EUS-guided intratumoral injection of NBTXR3. (a) Hypoechoic pancreatic mass measuring 3.9 cm × 2.8 cm in maximal cross-sectional diameter. Caliper dimensions shown as dashed yellow lines. (b) Mass demonstrated an irregular margin (red arrow) and encasement of the splenic artery and celiac axis. (c) An avascular plane was identified using color Doppler guidance, and needle was advanced into the tumor avoiding vascular and necrotic regions. (d) Tip of needle (red arrow) positioned at least 5 mm (dashed yellow line) from tumor margin. (e) Delivery of NBTXR3 by slow manual injection to tumor periphery and center visualized as an echogenic cloud surrounding the needle (dashed yellow line). (For interpretation of the references to color in this figure legend, the reader is referred to the web version of this article.)

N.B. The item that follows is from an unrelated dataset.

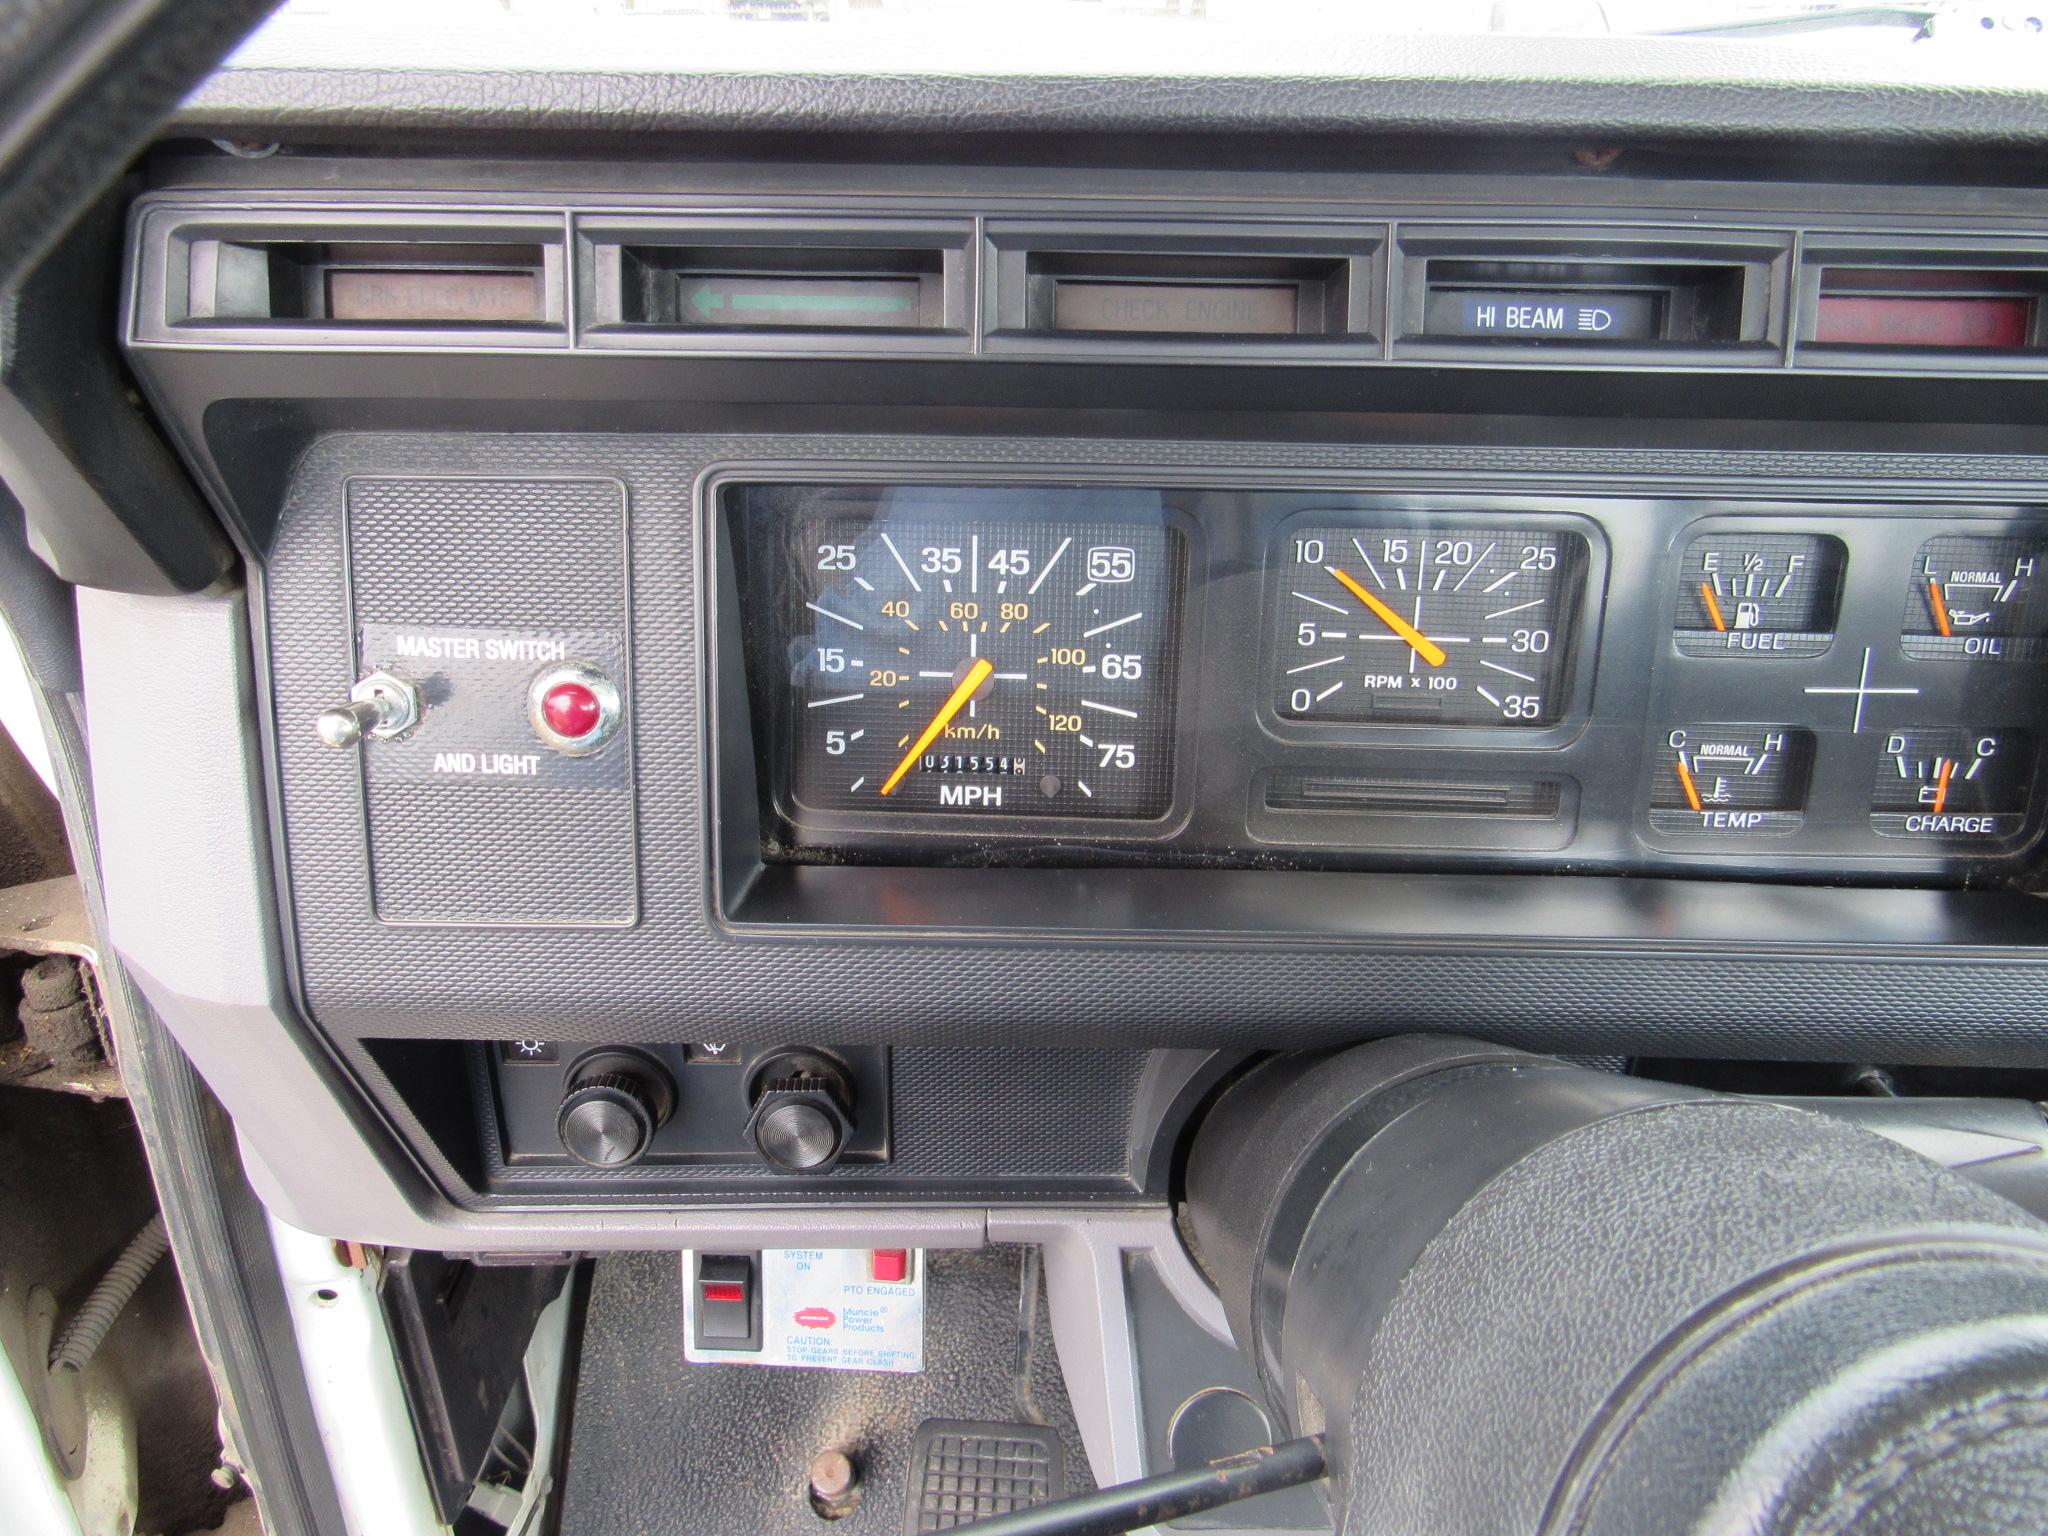 Teco V5 -55 dash
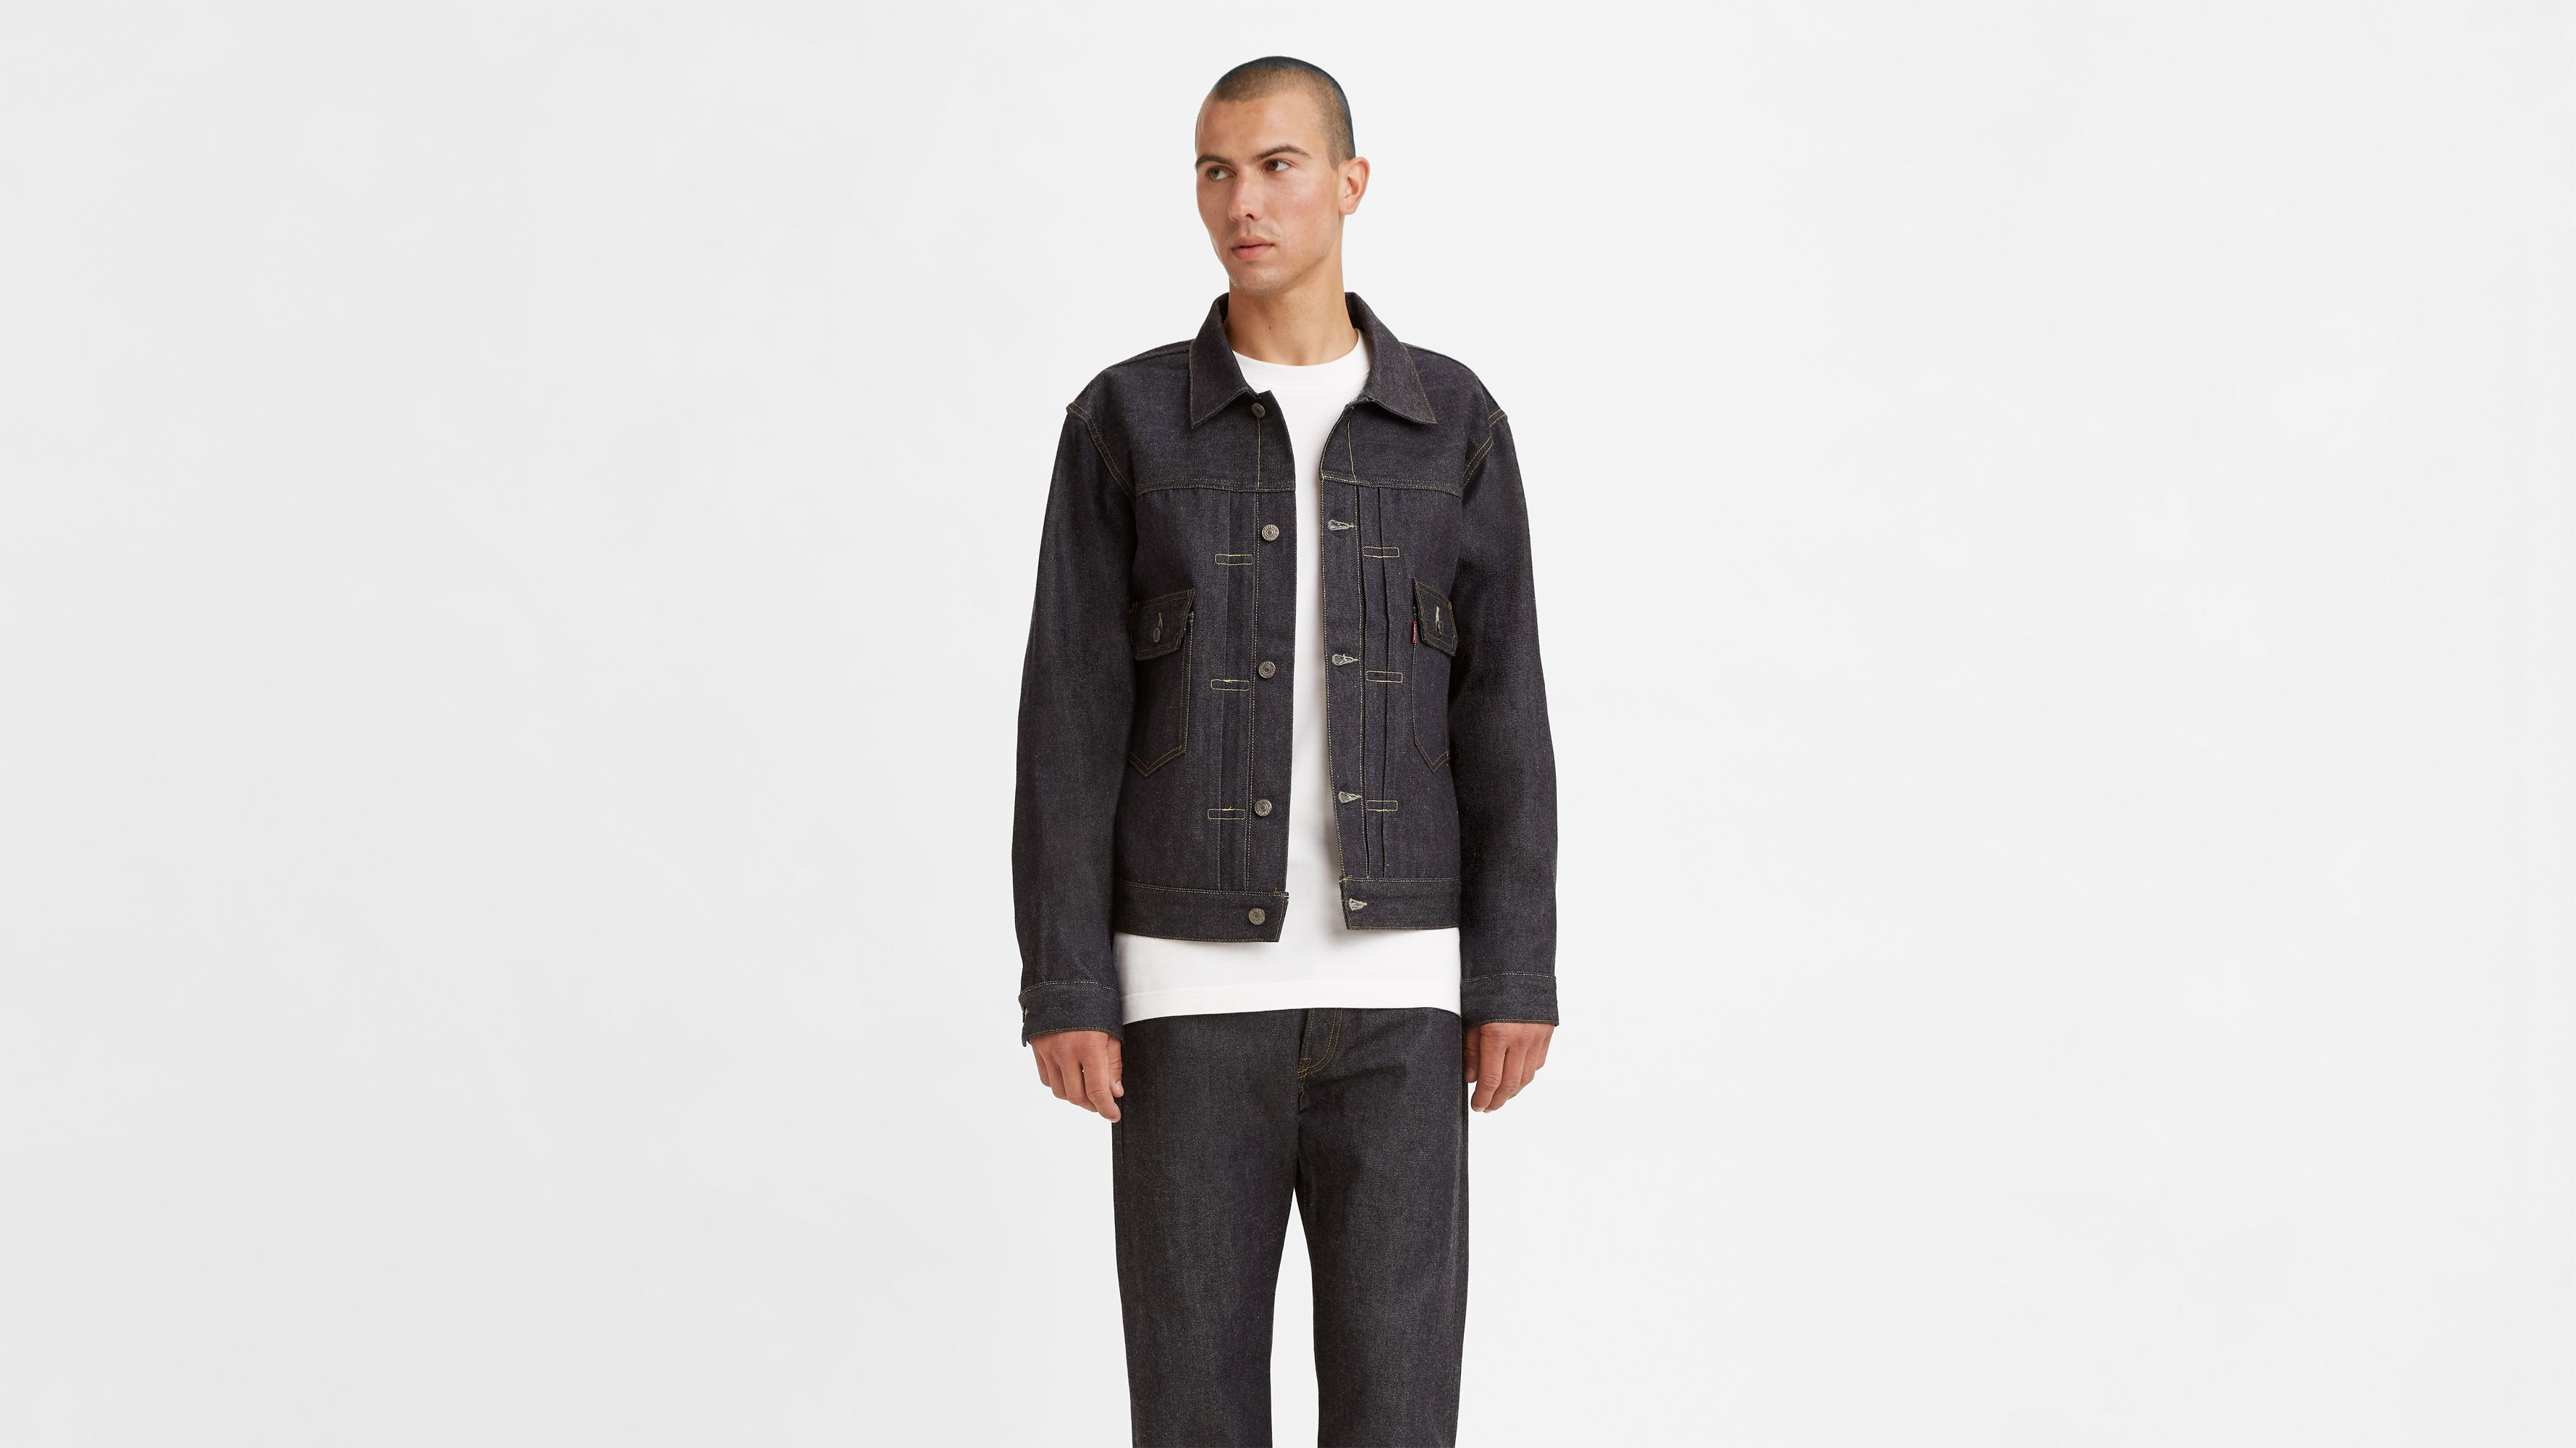 Men's Coats & Jackets | Denim Jackets For Men | Levi's

The patient underwent radiation simulation two days after NBTXR3 was injected. Respiratory-correlated breath-hold CT simulation was performed with the patient supine in a custom upper body cradle and arms positioned above his head. He was NPO for 3 h prior to simulation. Images were acquired with and without intravenous contrast, and acquisition was timed similar to a pancreatic protocol CT scan. Six breath-hold CT scans were obtained. The prescribed dose of radiation to the tumor was 45 Gy in 15 fractions, with surrounding regional lymph nodes treated to 37.5 Gy in 15 fractions using a simultaneous integrated boost technique with IMRT (6 MV photons). The CTV was defined as the GTV, celiac and SMA (from the origin of the aorta) with 1 cm margin. CT-on-rails was used for daily image guidance. All dose constraints related to target coverage (mPTV45: V45Gy > 95%; PTV37.5: V37.5 Gy > 95%) and organs at risk (Stomach: Dmax < 45 Gy; Duodenum: Dmax < 45 Gy; Small bowel: Dmax < 40 Gy; Large bowel: Dmax < 50 Gy; Heart: Dmax < 55 Gy, V40Gy < 10%, V50Gy < 1 cm3; Kidneys: V20Gy < 33%; Liver-GTV: Mean < 24 Gy; at least 700 cm3 spared below 24 Gy; Spinal cord: Dmax < 30 Gy; Spleen: Mean < 6 Gy; Chest wall: V40Gy < 150 cm3) were satisfied. (Fig. 3a-c) The proposed treatment plan was reviewed and approved at the weekly Radiation Oncology Gastrointestinal Section planning conference.
Fig. 3.
Radiation planning and delivery. (a) Radiopaque NBTXR3 visualized on simulation CT image (red arrow). (b) Representative target volumes, organs at risk, and isodose lines (IGTV: Maroon shaded; Stomach: Purple; Large bowel: Yellow-orange; 45 Gy IDL: Orange; 37.5 Gy IDL: Green; 25 Gy IDL: Blue). (c) Cumulative dose-volume histogram. (d) CT-on-rails images from (left to right) fractions 1, 5, 10, and 15 (Days 12, 16, 23, and 30 post-NBTXR3 injection) demonstrate intratumoral retention of NBTXR3 for duration of treatment course. (For interpretation of the references to color in this figure legend, the reader is referred to the web version of this article.)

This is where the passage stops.